During yesterday’s drive into Savannah from the airport I told a senior Los Angeles-based exhibition executive (i.e., a guy who doesn’t want to be quoted) about the over-cranked, super-bassy sound inside the TCL Chinese that made dialogue hard to understand at times during Thursday night’s Interstellar screening. He said he knows all about that. He said that union guys who were calibrating the sound at a West L.A. theatre plex constructed two or three years ago wanted to heighten the bassy “thromp” levels, and that he and his associates told them “nope, nope…no way.” He knows exactly what bass-thromp does to dialogue. And he made the right call. The plex in question delivers excellent sound. Hearing dialogue is never an issue when I see a film there. I can always hear every last vowel and consonant.
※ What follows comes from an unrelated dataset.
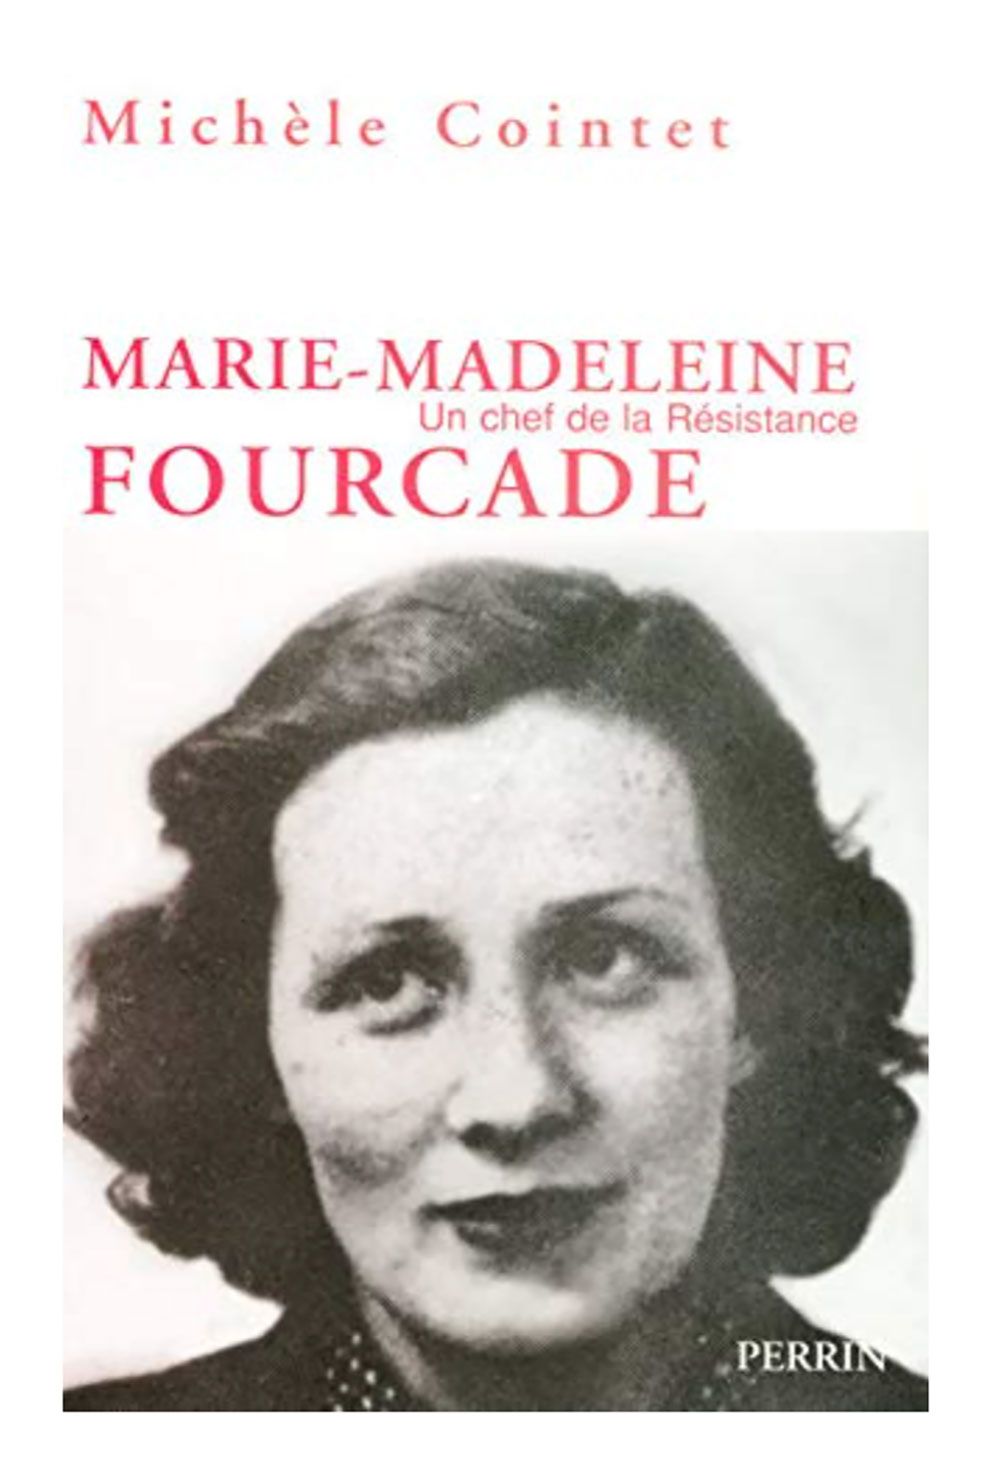 Biografía de Marie-Madelaine Fourcade, combatiente

Interior of refurbished TCL Chinese. The muddled, super-bassy, over-cranked sound delivery in this theatre has probably harmed…okay, influenced the critical opinion of Interstellar among L.A. journos who attended Thursday night’s screening. I have already pledged to see Chris Nolan’s film again in a theatre with better calibrated sound.
I’ve also heard from a journalist friend who saw Interstellar Wednesday night at the California Science Center IMAX theatre, and he says the sound there “was exquisite…you could hear absolutely everything perfectly.” He also dropped by Thursday night’s TCL Chinese showing, or actually “bits and pieces of the last 25 minutes of the film and the sound was way overpumped. In fact standing in the lobby we thought the theatre was going to collapse, and I heard complaints from a couple of SAG voters that they couldn’t understand the dialogue, which always used to be the case at the Chinese pre-IMAX.”
I’m waiting to speak soon to Chapin Cutler, the projection and sound guru from Boston Light & Sound who handles projection standards at the Telluride Film Festival, the TCM Classic Film Festival and is now preparing projection for the upcoming AFI Fest. I’m not going to assume anything but Cutler knows his realm cold, and I can guess what he’ll tell me about bass-thromp.